Help With Summation: Identifying Common Mistakes

[NIZBIT]

This stuff is making me bang my head against the wall. I understand the concept and notation of summation with no problems. It seems though for about every one problem I get right there is five I get wrong. The only thing I can think I'm doing wrong is bad algebra habits or I'm using the summation properties and formulas at wrong times. I know I could work these problems the long way, but I'm missing the point of the lesson. Could someone please let me know what I'm doing wrong? Here is one I got right:

Here is one I got wrong:

 

[shmoe]

Sums don't distribute over quotients like that. Expanding the sum, you have:

$$\sum_{k=0}^{4}\frac{1}{k^2+1}=\frac{1}{1}+\frac{1}{2}+\frac{1}{5}+\frac{1}{10}+\frac{1}{17}$$

which you tried to replace with:

$$\frac{1+1+1+1+1}{1+2+5+10+17}$$

which I'm sure you know isn't true. You know that the $$\sum$$ symbol is just a short hand notation for a sum so keep in mind the familiar old rules when manipulating these summation symbols.

 

[Hootenanny]

Just to add to what shmoe said, you do not manipulate $\Sigma$ like another term, it simply means 'sum of'. The process you need to go through is substitute in every integer value in between your defined limits for you variable, which in this case is k, so your sum becomes;

$$\sum_{k=0}^{4}\frac{1}{k^2+1}= \frac{1}{0^2 + 1} +\frac{1}{1^2 + 1}+\frac{1}{2^2 + 1}+\frac{1}{3^2 + 1}+\frac{1}{4^2 + 1}$$

~H

 

[NIZBIT]

I understand how summation works. I can get the the answers right by evaluating it the "long way" by starting at zero and ending at 4 just like the both of you did. Don't have any problems with that, but that s not how I'm supposed to figure them out. I'm supposed to apply the summation formulas to solve these problems.

 

[Hootenanny]

What formula are you trying to apply?

~H

 

[NIZBIT]

$$\sum_{i=0}^{n}\{c}=cn$$
$$\sum_{i=0}^{n}\{i^2}=\frac{n(n+1)(2n+1)}{6}$$


I'm using these.

 

[shmoe]

You aren't going to be able to express $\sum_{k=0}^4\frac{1}{k^2+1}$ in terms of power sums (i.e. $\sum 1$, $\sum i$, $\sum i^2$, etc.).

There aren't always nice formulas you can use on a given sum, somethimes you will have to resort to approximations, or just doing it the 'long way'. In this case 'the long way' isn't very long at all.

 

[NIZBIT]

So how I am I supposed to know when I can use the formulas or not? Neither my teacher nor the book states such . I think this might be the problem I'm having. It would also explain why I'm getting so few right. Both the book and my teacher led me to believe that I can use those forumals to solve ANY problem.

 

[matt grime]

You use the formulas when the summand (the expression in the sum) is one of those that appears in one of the formulas.

As was noted before, it was the fact that you decided that it was OK to do

$$\sum \frac{1}{k} = \frac{1}{\sum k}$$

and that is something that you know isn't true from the first day you met addition of fractions, not a great deal to do with misapplying a formula.

$$\sum (a_n+b_n) = \sum a_n + \sum b_n$$

is fine, but you can't just reorder all algebraic operations can you?

 

[shmoe]

Well, practice.

You also have to be much more careful about what manipulations you are allowed to do on sums. Go back and look at the various rules you have and try to justify any step you make in terms of these. You tried to do something like:

$$\sum_{k}\frac{a_k}{b_k}=\frac{\sum_{k}a_k}{\sum_{k}b_k}$$

Which is not a rule you have (and very false in general)!

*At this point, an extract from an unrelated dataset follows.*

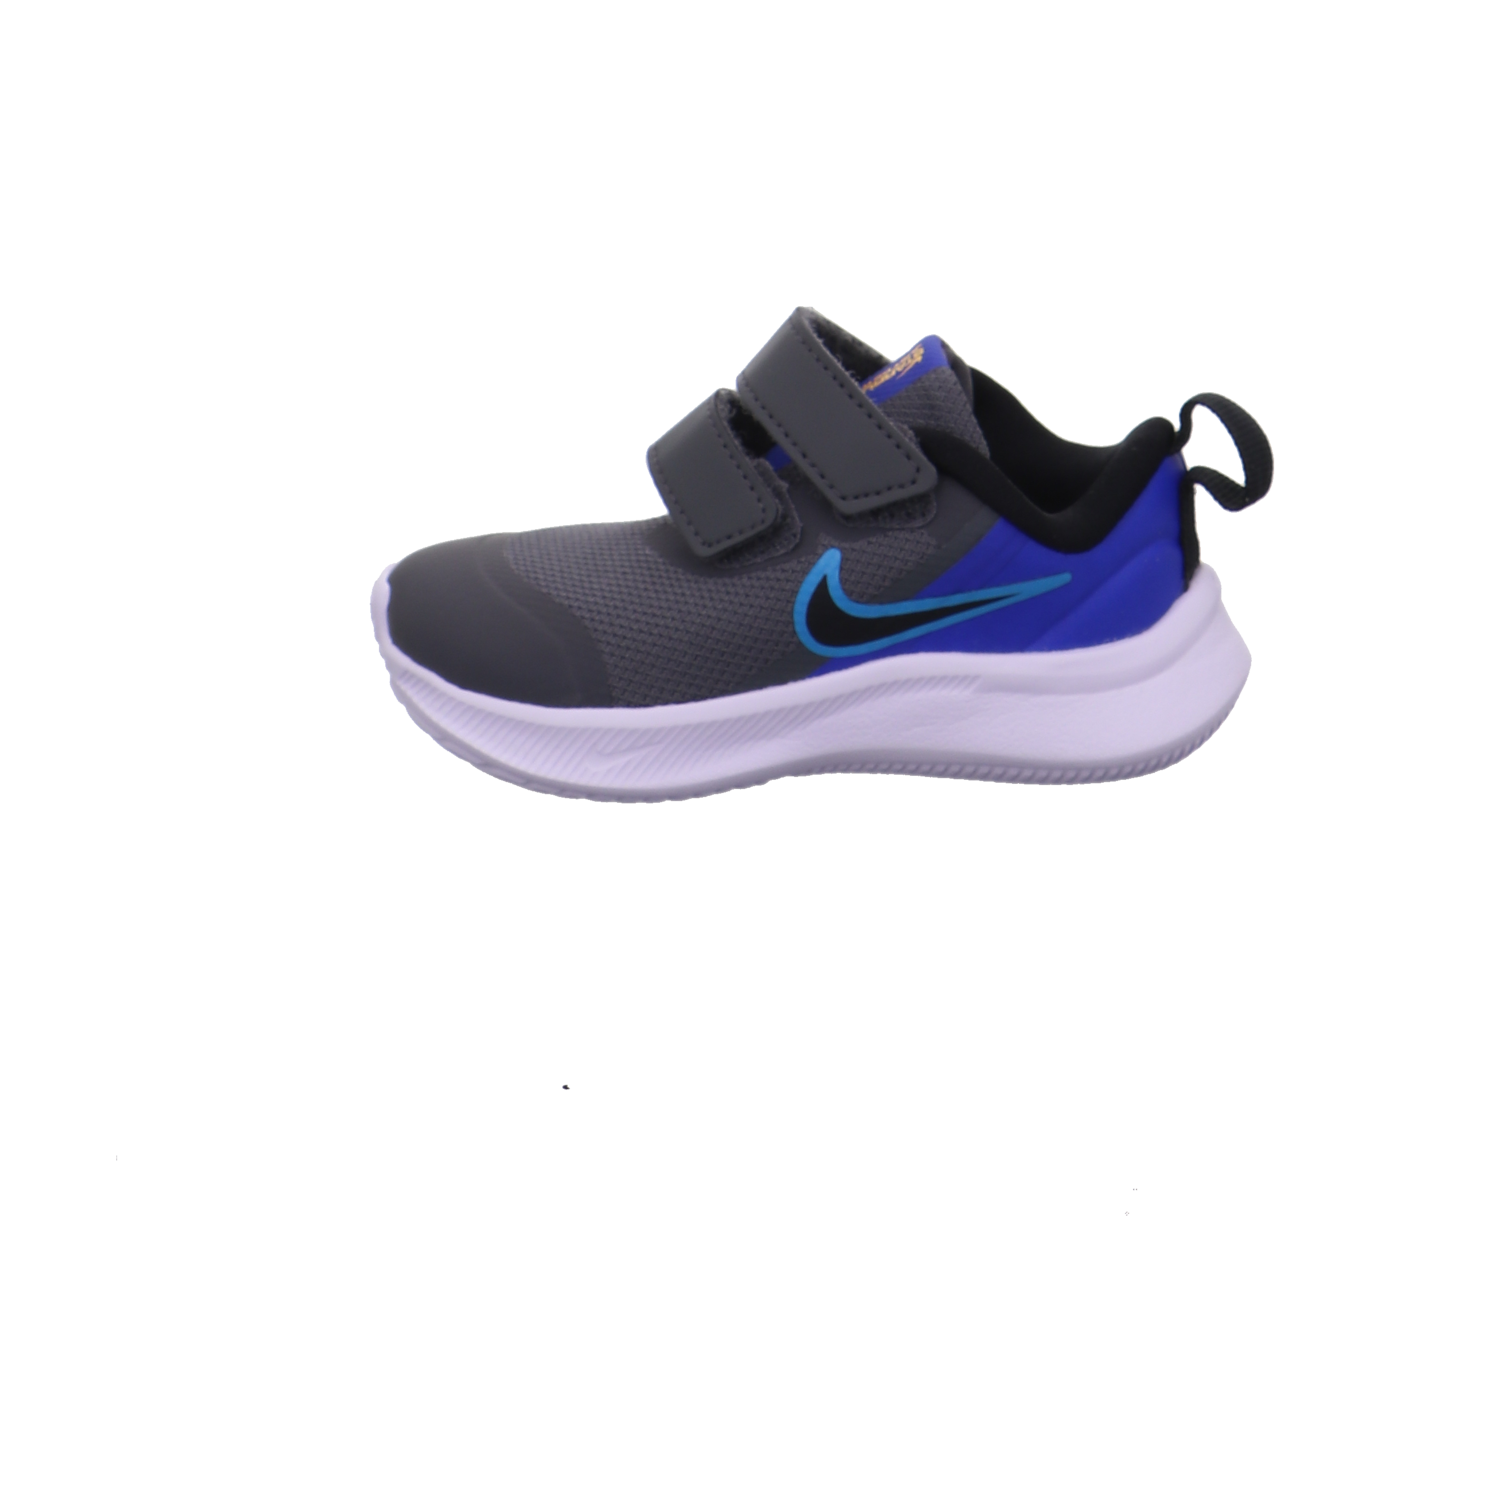 Nike Krabbel- und Lauflernschuhe grau kombi Bild1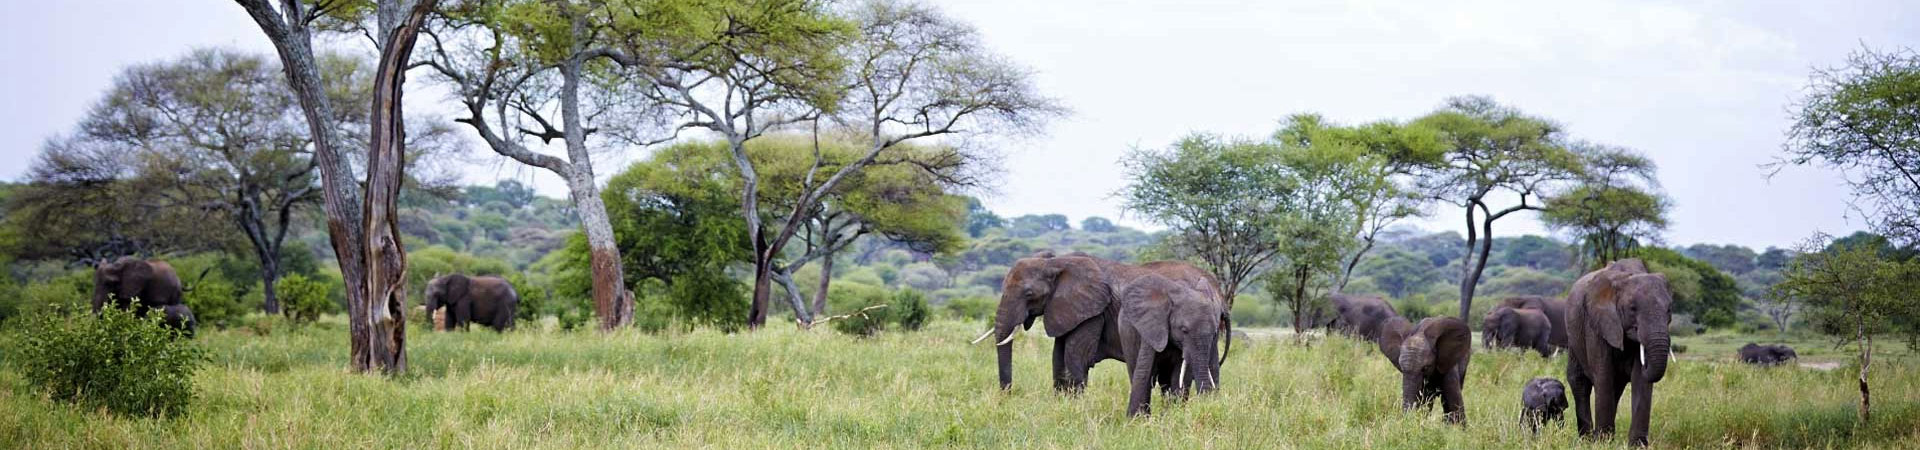 Elephant-in-Tarangire-National-Park

So, justify each step very carefully when trying to simplify these sums. You won't always be able to manipulate a given sum into a form where you can use your given formulas (it's just not always possible), but you should try harder to avoid making making algebraic manipulation errors.

 

[NIZBIT]

I see where I have not been true to form. Guess I was paying too much attention to sigma and not the algebra. Thanks for the help and understanding.